═════ Input
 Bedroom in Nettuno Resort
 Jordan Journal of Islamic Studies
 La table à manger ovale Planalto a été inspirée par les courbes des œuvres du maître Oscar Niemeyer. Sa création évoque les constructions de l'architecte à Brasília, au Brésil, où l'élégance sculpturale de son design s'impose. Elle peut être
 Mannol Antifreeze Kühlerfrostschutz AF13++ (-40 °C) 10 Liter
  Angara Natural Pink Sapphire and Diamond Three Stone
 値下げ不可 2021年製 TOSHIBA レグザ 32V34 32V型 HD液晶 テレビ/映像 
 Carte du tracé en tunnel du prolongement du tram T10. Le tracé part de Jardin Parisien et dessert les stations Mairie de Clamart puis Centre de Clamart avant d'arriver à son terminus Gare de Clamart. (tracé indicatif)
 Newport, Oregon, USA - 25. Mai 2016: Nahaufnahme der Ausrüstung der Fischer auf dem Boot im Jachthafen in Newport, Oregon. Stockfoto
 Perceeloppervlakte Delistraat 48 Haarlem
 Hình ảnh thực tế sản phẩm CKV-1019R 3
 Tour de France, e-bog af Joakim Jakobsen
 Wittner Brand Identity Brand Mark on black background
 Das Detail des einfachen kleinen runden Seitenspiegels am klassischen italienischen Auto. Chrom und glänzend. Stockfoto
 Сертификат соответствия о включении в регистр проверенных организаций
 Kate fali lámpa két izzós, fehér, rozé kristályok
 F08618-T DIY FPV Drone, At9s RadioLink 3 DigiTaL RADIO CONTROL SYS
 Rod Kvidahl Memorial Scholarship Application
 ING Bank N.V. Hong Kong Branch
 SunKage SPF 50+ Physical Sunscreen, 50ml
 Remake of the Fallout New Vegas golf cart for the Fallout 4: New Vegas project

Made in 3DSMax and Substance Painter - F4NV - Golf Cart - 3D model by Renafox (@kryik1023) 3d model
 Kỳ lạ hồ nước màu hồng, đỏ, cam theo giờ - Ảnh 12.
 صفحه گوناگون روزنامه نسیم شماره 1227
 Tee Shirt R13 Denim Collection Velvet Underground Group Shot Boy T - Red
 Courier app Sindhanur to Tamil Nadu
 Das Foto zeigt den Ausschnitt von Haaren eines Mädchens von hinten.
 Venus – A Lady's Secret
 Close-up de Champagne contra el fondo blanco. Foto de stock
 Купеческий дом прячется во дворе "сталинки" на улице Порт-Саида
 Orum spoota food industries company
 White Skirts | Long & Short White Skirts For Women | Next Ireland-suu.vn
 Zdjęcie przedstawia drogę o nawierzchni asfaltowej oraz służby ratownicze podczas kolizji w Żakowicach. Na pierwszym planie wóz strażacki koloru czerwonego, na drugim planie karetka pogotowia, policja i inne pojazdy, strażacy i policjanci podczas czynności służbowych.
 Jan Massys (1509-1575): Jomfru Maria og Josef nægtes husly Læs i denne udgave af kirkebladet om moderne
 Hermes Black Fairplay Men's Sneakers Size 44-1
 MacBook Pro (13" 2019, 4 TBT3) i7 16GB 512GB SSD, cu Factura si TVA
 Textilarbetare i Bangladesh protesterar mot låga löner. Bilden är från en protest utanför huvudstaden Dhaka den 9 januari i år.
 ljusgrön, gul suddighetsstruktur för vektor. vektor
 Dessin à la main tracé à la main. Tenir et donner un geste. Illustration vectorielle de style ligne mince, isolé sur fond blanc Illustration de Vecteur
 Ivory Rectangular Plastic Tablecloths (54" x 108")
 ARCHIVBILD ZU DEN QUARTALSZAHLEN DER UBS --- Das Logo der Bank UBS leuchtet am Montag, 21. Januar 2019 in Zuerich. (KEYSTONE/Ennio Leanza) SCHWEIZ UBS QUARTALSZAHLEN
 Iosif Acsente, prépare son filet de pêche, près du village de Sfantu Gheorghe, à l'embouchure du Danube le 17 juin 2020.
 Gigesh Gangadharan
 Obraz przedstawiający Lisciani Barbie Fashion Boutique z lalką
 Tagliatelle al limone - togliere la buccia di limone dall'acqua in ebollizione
══════════
Give the records above again in full, keeping every character unchanged.

=== Output of the exercise ===
 Bedroom in Nettuno Resort
 Jordan Journal of Islamic Studies
 La table à manger ovale Planalto a été inspirée par les courbes des œuvres du maître Oscar Niemeyer. Sa création évoque les constructions de l'architecte à Brasília, au Brésil, où l'élégance sculpturale de son design s'impose. Elle peut être
 Mannol Antifreeze Kühlerfrostschutz AF13++ (-40 °C) 10 Liter
  Angara Natural Pink Sapphire and Diamond Three Stone
 値下げ不可 2021年製 TOSHIBA レグザ 32V34 32V型 HD液晶 テレビ/映像 
 Carte du tracé en tunnel du prolongement du tram T10. Le tracé part de Jardin Parisien et dessert les stations Mairie de Clamart puis Centre de Clamart avant d'arriver à son terminus Gare de Clamart. (tracé indicatif)
 Newport, Oregon, USA - 25. Mai 2016: Nahaufnahme der Ausrüstung der Fischer auf dem Boot im Jachthafen in Newport, Oregon. Stockfoto
 Perceeloppervlakte Delistraat 48 Haarlem
 Hình ảnh thực tế sản phẩm CKV-1019R 3
 Tour de France, e-bog af Joakim Jakobsen
 Wittner Brand Identity Brand Mark on black background
 Das Detail des einfachen kleinen runden Seitenspiegels am klassischen italienischen Auto. Chrom und glänzend. Stockfoto
 Сертификат соответствия о включении в регистр проверенных организаций
 Kate fali lámpa két izzós, fehér, rozé kristályok
 F08618-T DIY FPV Drone, At9s RadioLink 3 DigiTaL RADIO CONTROL SYS
 Rod Kvidahl Memorial Scholarship Application
 ING Bank N.V. Hong Kong Branch
 SunKage SPF 50+ Physical Sunscreen, 50ml
 Remake of the Fallout New Vegas golf cart for the Fallout 4: New Vegas project

Made in 3DSMax and Substance Painter - F4NV - Golf Cart - 3D model by Renafox (@kryik1023) 3d model
 Kỳ lạ hồ nước màu hồng, đỏ, cam theo giờ - Ảnh 12.
 صفحه گوناگون روزنامه نسیم شماره 1227
 Tee Shirt R13 Denim Collection Velvet Underground Group Shot Boy T - Red
 Courier app Sindhanur to Tamil Nadu
 Das Foto zeigt den Ausschnitt von Haaren eines Mädchens von hinten.
 Venus – A Lady's Secret
 Close-up de Champagne contra el fondo blanco. Foto de stock
 Купеческий дом прячется во дворе "сталинки" на улице Порт-Саида
 Orum spoota food industries company
 White Skirts | Long & Short White Skirts For Women | Next Ireland-suu.vn
 Zdjęcie przedstawia drogę o nawierzchni asfaltowej oraz służby ratownicze podczas kolizji w Żakowicach. Na pierwszym planie wóz strażacki koloru czerwonego, na drugim planie karetka pogotowia, policja i inne pojazdy, strażacy i policjanci podczas czynności służbowych.
 Jan Massys (1509-1575): Jomfru Maria og Josef nægtes husly Læs i denne udgave af kirkebladet om moderne
 Hermes Black Fairplay Men's Sneakers Size 44-1
 MacBook Pro (13" 2019, 4 TBT3) i7 16GB 512GB SSD, cu Factura si TVA
 Textilarbetare i Bangladesh protesterar mot låga löner. Bilden är från en protest utanför huvudstaden Dhaka den 9 januari i år.
 ljusgrön, gul suddighetsstruktur för vektor. vektor
 Dessin à la main tracé à la main. Tenir et donner un geste. Illustration vectorielle de style ligne mince, isolé sur fond blanc Illustration de Vecteur
 Ivory Rectangular Plastic Tablecloths (54" x 108")
 ARCHIVBILD ZU DEN QUARTALSZAHLEN DER UBS --- Das Logo der Bank UBS leuchtet am Montag, 21. Januar 2019 in Zuerich. (KEYSTONE/Ennio Leanza) SCHWEIZ UBS QUARTALSZAHLEN
 Iosif Acsente, prépare son filet de pêche, près du village de Sfantu Gheorghe, à l'embouchure du Danube le 17 juin 2020.
 Gigesh Gangadharan
 Obraz przedstawiający Lisciani Barbie Fashion Boutique z lalką
 Tagliatelle al limone - togliere la buccia di limone dall'acqua in ebollizione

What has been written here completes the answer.